In the US, the FCC (Federal Communications Commission) requires cell phone companies to include a way to locate cell phones, for rescue workers and 911 service. Depending on the type of phone, there are different ways that it could be located. Even with older phones, if a phone is within range of one tower, then we know it is somewhere within the "coverage" of that tower. If the phone is in range of 2 towers, we know the phone is in the intersection of the two coverage areas. Whenever a cell phone is turned on, it is continually broadcasting signals or messages which base stations are monitoring. These messages are required in case someone else wants to call your cell phone. This means that the location of a cell phone can be found without even being on a call.

With newer phones, it is possible to estimate the range (distance) or angle between the tower and the phone, by measuring delays between towers receiving the same message from the same phone. Also, more phones now include a GPS receiver to determine location, which also uses range information; we'll discuss GPS later. Cell phone technology varies and is updated over time, but the basic principles of geometry using range information is where we'll focus today.

How can we use range information to determine location? Suppose someone is driving along a straight road, and the car and the tower are on the same road. If we know the location of the tower A and the range to tower A, there are 2 possible locations for the car, as shown below.

Along a line, it takes 2 ranges to locate the car unambiguously.

On the other hand, if the car is in a parking lot (on a plane), knowing the range from a fixed position narrows the possible location to a circle in the plane. If the range is known to 2 reference points, there are 2 possible locations for the car. If we know the range to a 3rd reference point, we have enough information to tell the location (assuming the reference points are not in a line).

Finding the location using three ranges is called "trilateration." Another common term is "triangulation," although triangulation can mean determining location from three angles. The location of a cell phone gives important information to emergency responders, and is also useful for criminal investigations.

Can you think of other ways that trilateration or triangulation could be used? When making a sketch of a crime scene, the preciselocation of evidence is important. A crime scene investigator will take pictures of the scene, and also measure distances between evidence and fixed objects. For instance, if a weapon is found on the floor, two distances are measured, often either the perpendicular distance to 2 walls, or distances to 2 room corners. Why only 2 distances instead of 3? Even though two ranges gives 2 possible locations, only one location would be inside the room - the other would be outside.

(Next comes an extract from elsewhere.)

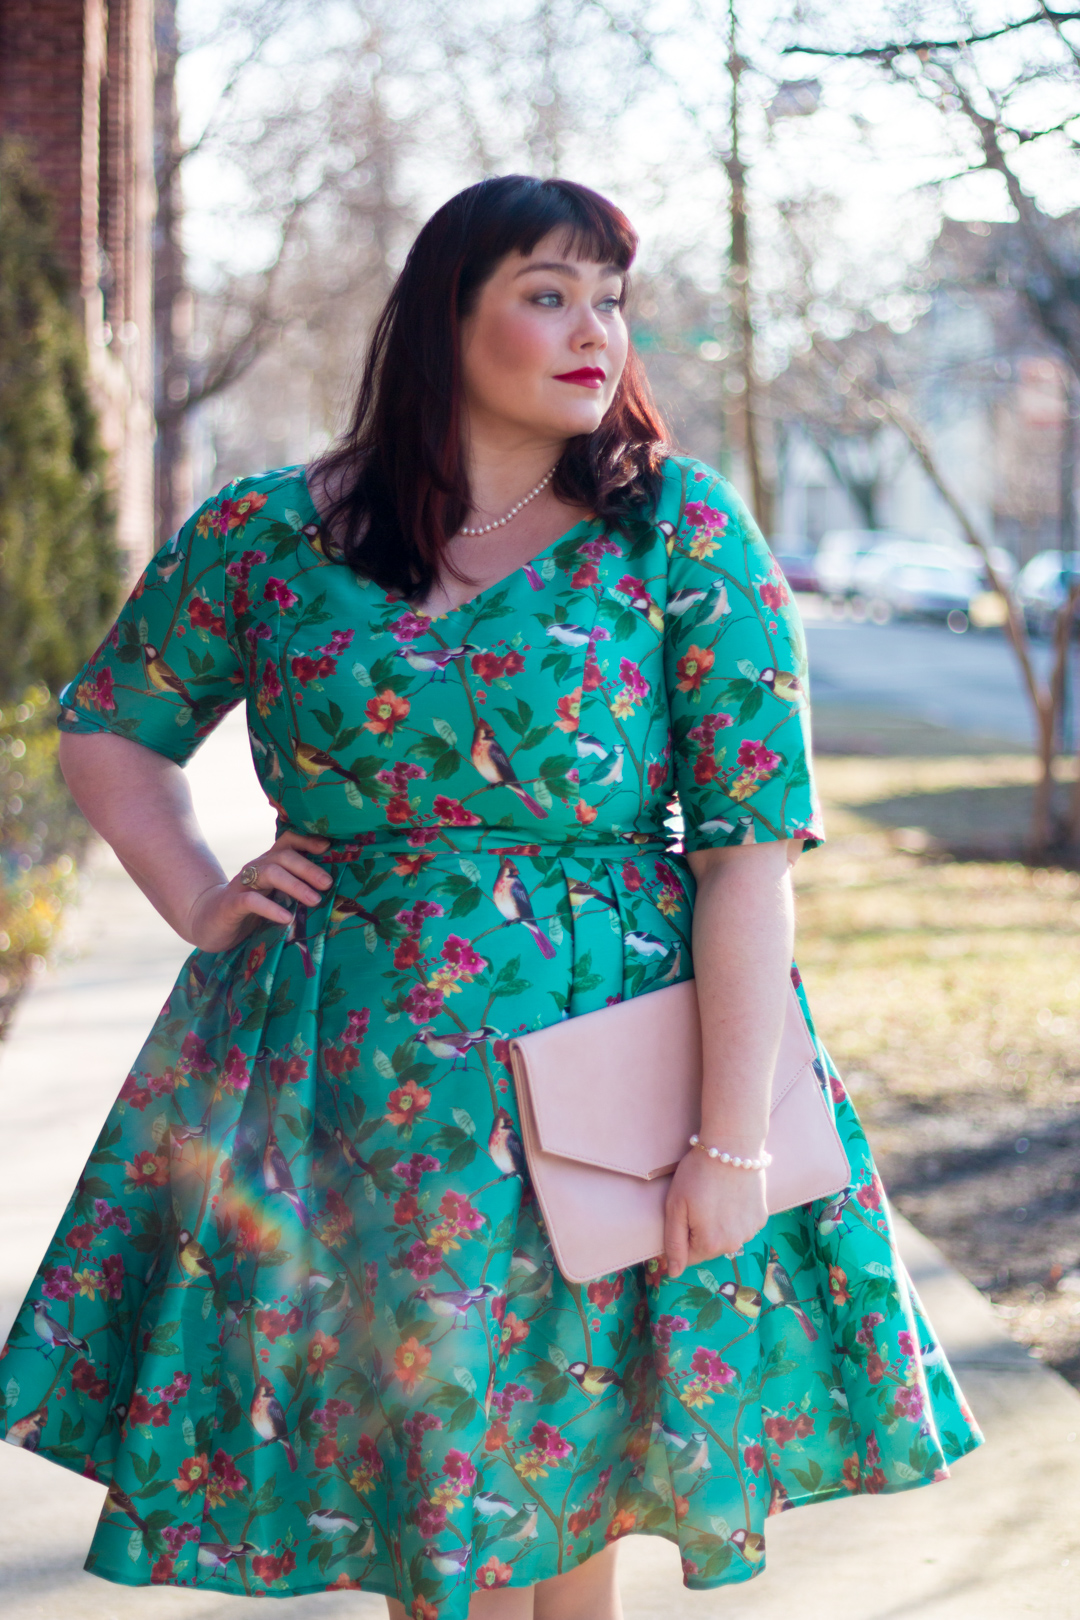 Plus Size Blogger Amber in eShakti green dupioni dress

The room walls provide the extra information needed.

Today we will do an exercise where we will use a compass and find the intersection of circles to locate objects on a sketch. Note that we have simplified our examples, by disregarding the height of objects, but with math we are able to obtain a numerical solution.

But before that, let's talk about GPS. The same geometry applies, except that height is definitely not negligible, so we have added another dimension to the problem. GPS stands for Global Positioning System. There are about 32 satellites orbiting the Earth (more launches are planned) and each one broadcasts a message every 30 seconds that tells the exact time and position of the satellite. These messages travel at the speed of light, but there is a measurable delay when the message is received; the receiver is also synchronized to atomic time. Since the distance is the speed of light multiplied by the message delay, the range to a satellite can be computed. In 3D, knowing the range to one satellite narrows the possible locations to the surface of a sphere. The GPS receiver receives messages from multiple satellites, so if 2 satellites ranges are known, that narrows the location to the intersection of 2 spheres, which is a circle. *[Image used for camp by permission]*

Then can you guess how many satellite ranges are needed for GPS? The range to a 3^{rd} satellite narrows the location to 2 positions, and a 4^{th} satellite range will indicate which position is the true location. Sometimes 3 satellites is accurate enough, if only one of the two positions is on the Earth's surface.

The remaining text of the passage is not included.